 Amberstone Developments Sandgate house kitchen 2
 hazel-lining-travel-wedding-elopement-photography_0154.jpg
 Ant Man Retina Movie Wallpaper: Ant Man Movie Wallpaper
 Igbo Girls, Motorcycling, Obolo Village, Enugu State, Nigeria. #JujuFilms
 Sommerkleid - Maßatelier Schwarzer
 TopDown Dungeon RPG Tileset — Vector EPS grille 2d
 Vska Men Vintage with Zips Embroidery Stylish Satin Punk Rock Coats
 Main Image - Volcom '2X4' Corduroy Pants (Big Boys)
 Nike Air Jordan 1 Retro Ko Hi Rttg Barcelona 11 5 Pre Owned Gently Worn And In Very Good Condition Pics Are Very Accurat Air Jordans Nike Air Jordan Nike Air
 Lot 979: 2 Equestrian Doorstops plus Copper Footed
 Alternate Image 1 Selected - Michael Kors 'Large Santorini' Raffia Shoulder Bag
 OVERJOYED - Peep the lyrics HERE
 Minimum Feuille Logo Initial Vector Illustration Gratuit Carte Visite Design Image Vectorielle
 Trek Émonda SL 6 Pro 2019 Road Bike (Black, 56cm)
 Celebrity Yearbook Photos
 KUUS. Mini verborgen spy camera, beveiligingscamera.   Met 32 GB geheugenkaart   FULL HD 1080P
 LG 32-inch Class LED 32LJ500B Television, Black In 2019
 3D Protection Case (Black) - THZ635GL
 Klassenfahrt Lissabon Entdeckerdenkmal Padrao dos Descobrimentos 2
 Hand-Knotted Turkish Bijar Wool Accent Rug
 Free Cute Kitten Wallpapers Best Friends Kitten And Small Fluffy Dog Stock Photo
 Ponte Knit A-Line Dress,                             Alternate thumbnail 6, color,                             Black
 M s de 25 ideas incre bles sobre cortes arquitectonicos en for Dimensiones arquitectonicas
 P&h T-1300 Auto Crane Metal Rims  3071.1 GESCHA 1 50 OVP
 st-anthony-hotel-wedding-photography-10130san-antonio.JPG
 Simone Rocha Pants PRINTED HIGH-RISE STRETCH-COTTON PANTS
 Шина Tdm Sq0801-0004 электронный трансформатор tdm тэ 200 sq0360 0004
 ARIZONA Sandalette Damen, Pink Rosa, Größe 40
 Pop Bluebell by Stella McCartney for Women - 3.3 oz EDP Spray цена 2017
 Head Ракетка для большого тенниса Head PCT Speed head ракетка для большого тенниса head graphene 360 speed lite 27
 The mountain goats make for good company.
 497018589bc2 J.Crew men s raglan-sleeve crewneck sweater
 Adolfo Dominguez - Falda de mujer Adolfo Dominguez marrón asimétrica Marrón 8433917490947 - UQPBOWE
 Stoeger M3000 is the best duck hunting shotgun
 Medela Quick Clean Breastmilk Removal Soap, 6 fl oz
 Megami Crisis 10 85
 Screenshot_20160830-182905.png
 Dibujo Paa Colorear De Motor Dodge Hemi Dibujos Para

==*==

Only the lines from the one bearing "Megami Crisis 10 85" to the end of the material belong in the answer; set them down verbatim.

 Megami Crisis 10 85
 Screenshot_20160830-182905.png
 Dibujo Paa Colorear De Motor Dodge Hemi Dibujos Para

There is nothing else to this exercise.